Open refi64 opened 1 year ago

refi64 commented 1 year ago

Right now, if I compile this code:

f
  * a
    |> b

the resulting Lua is:

return b(f({ -- 2
  a -- 2
})) -- 2

This is the opposite of what I'd expect: based on the indentation, I would've thought it would be parsed as f({ a|> b }), not f({ a }) |> b. If I use an explicit slash:

f
  * a \
    |> b

then it compiles like I'd expect:

return f({ -- 2
  b(a) -- 2
}) -- 3

I'm not sure if this is intentional? But it was certainly rather confusing :sweat_smile:

pigpigyyy commented 1 year ago

It is a syntax precedence problem. To support syntax like:

readFile "example.txt"
  |> extract language, {}
  |> parse language
  |> emit
  |> render
  |> print

The multiline pipes are parsed as statements instead of parts of an expression for the moment. So that the newline characters are breaking the expression in the end of function call argument.
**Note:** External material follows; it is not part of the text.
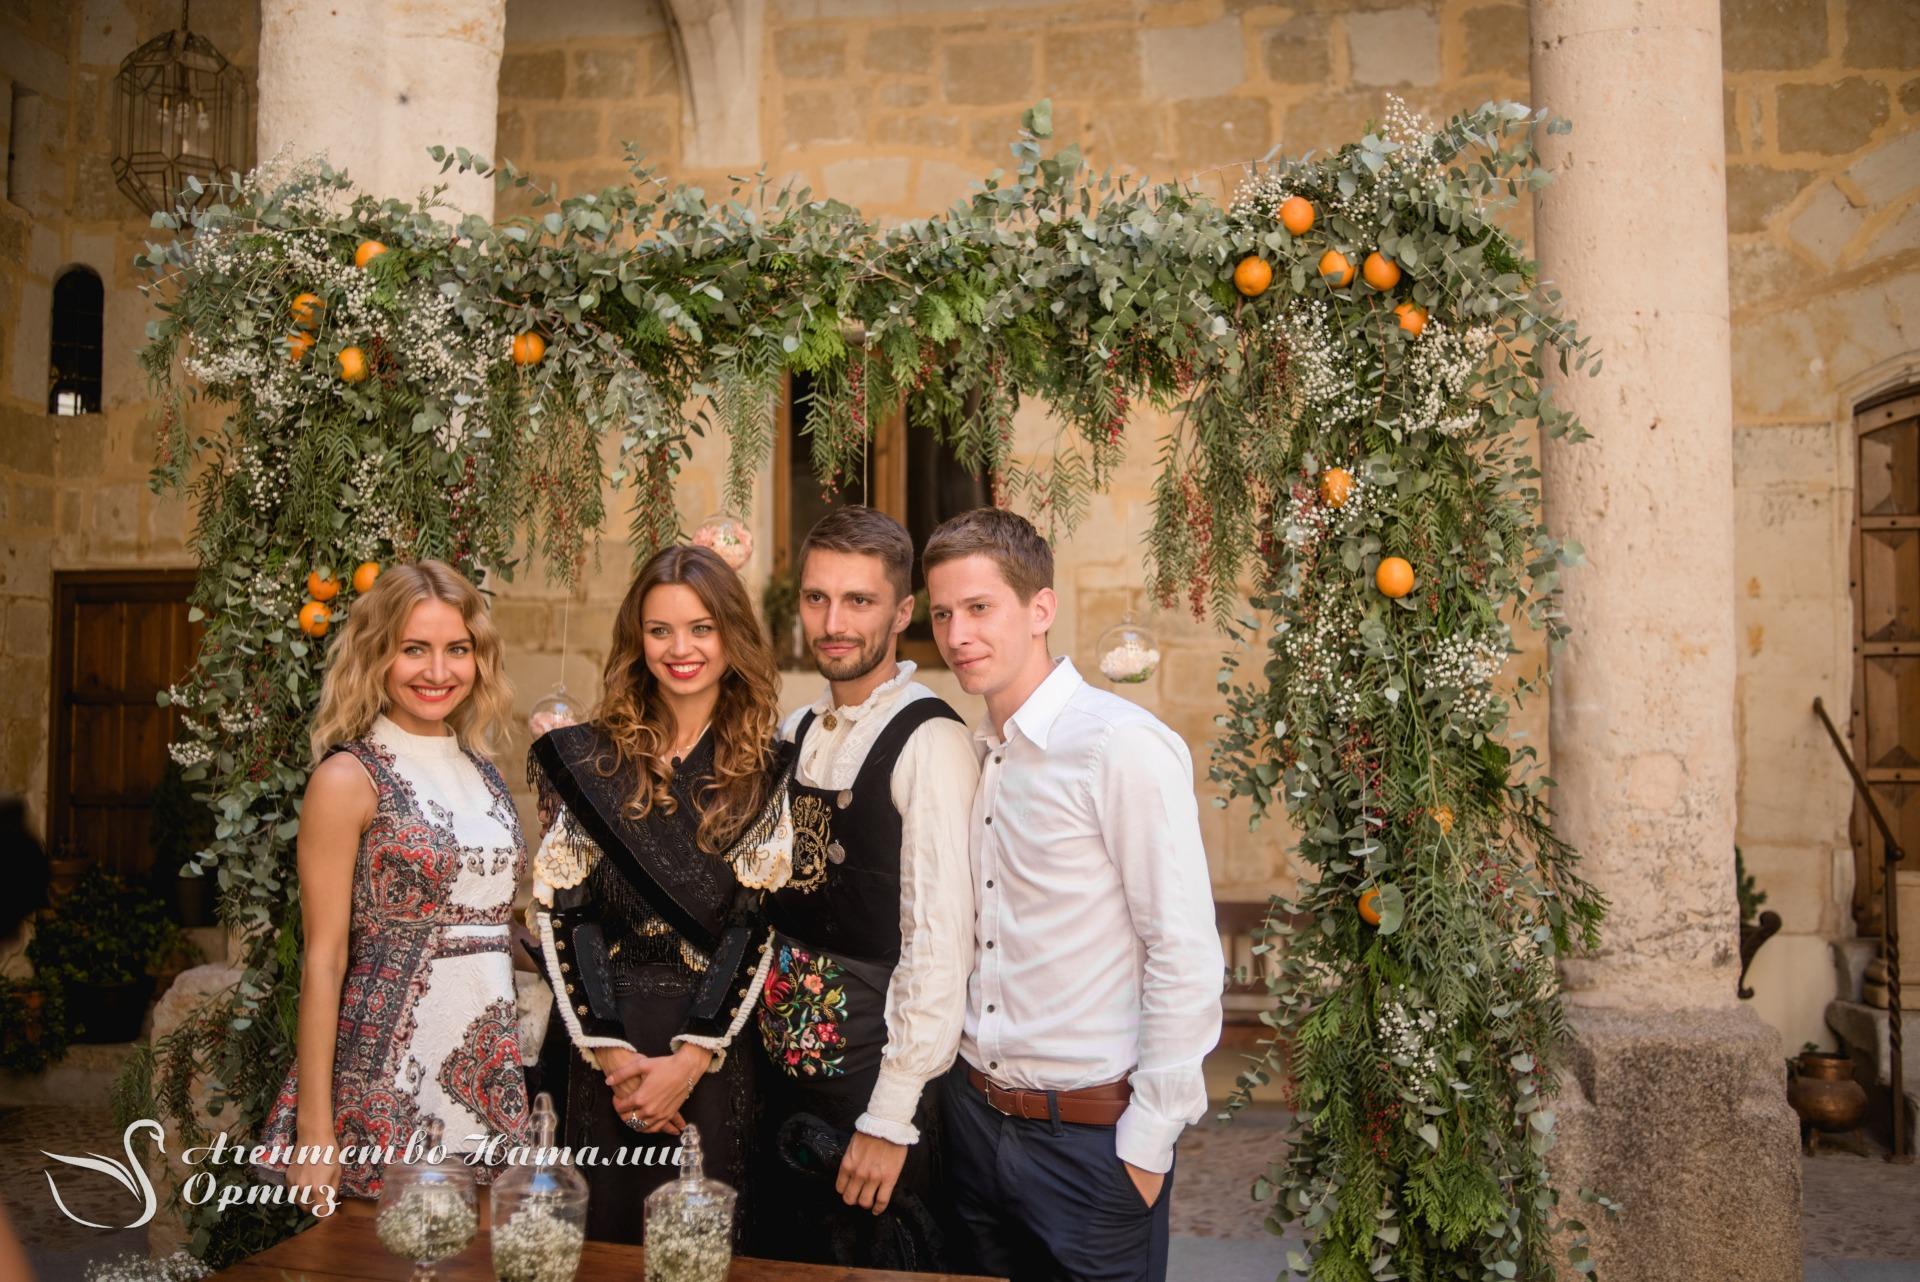 Жанна, пожени. Испания

If we make pipe syntax a higher precedence, the example codes above will be parsed as:

readFile("example.txt" |> extract(language, {} |> parse(language |> emit |> render |> print))
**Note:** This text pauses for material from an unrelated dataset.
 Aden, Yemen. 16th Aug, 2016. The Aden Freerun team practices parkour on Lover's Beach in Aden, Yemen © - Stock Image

So we have to carefully write every bracket for the right multiline pipes parsing that way.

readFile("example.txt")
  |> extract(language, {})
  |> parse(language)
  |> emit
  |> render
  |> print
refi64 commented 1 year ago

That makes sense, but I feel like the indentation is what makes this weirder? Like I'd certainly expect that behavior from, say:

f
  * a
  |> b

which is closer to the example you gave in terms of indentation. The weird part in the original example to me is that it's reaching across multiple levels of indentation.

pigpigyyy commented 1 year ago

In the current Yuescript compiler the orignal code:

f
  * a
    |> b

is just seen as:

[expression][newline character]
[advanced indentation][pipe expression]

And there is no rule to tell different [advanced indentation] levels should have different meanings.